Artificial Worldviews

How will »prompting« alter our perception?

What types of aesthetics will large language models bring to the world?

In what ways will technologies like ChatGPT affect notions, principles,
and styles for the coming decade?

Artificial Worldviews is a series of inquiries into the system underlying ChatGPT about its descriptions of the world. Utilizing prompting, data gathering, and mapping, this project investigates the dataframes of »artificial intelligence« systems.

Artificial Intelligence and Machine Learning methods are often referred to as black boxes, indicating that the user cannot understand the inner workings. However, this trait is shared by all living beings: we come to know a person not by examining their brain structures but by conversing with them. The so-called black box is not impenetrable since we can gain an understanding of its inner workings by interacting with it. Through individual inquiries, we can only acquire anecdotal evidence of the network. However, by systematically querying chatGPT's underlying programming interface, we can map the synthetic datastructures of the system.
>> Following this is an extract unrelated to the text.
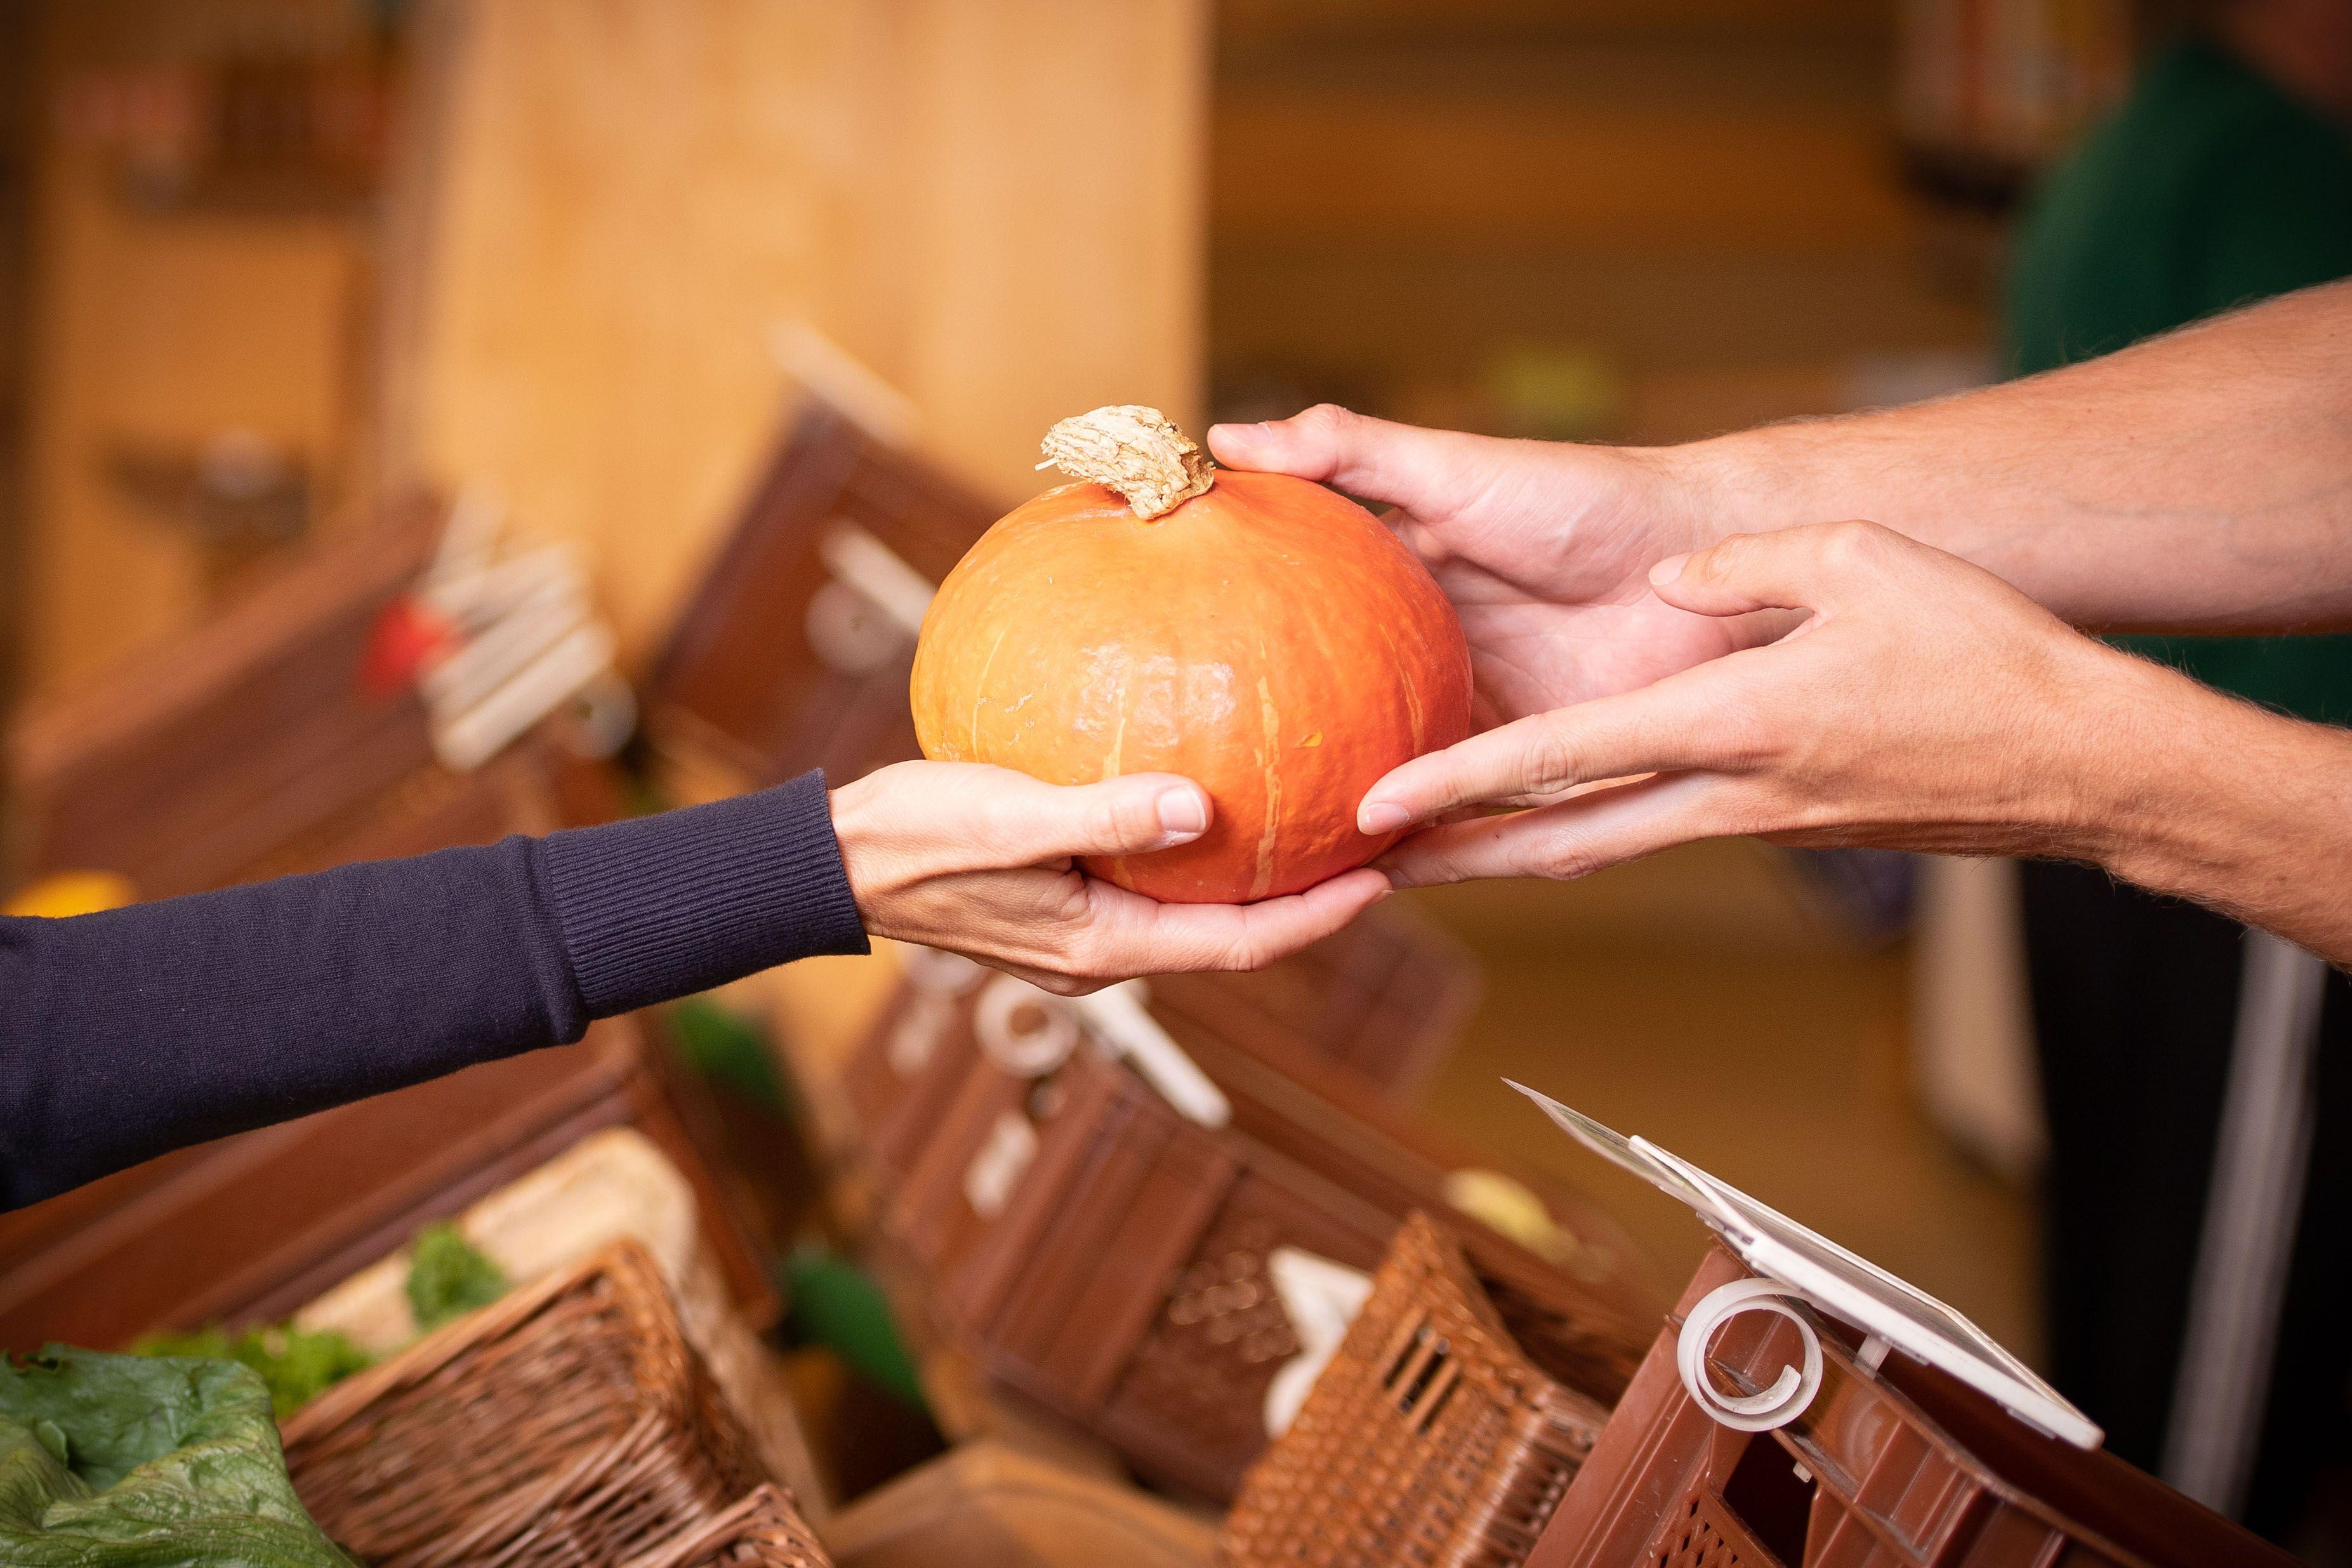 Übergabe von Ware auf einem Bauernmarkt

In my research, I methodically request data about large-scale, indefinable human concepts and visualize the results. These outputs visualize expansive data structures and unusual, sometimes unsettling worldviews that would otherwise be unimaginable. The terms »power« and »knowledge« unfold vast discourses from philosophy, politics, social sciences to natural sciences, they hold multidimensional meanings within social relations. The resulting graphics resemble narratives found in the works of Franz Kafka or Jorge Luis Borges, representing an infinite library of relational classifications, bureaucratic structures, and capricious mechanisms of inclusion and exclusion.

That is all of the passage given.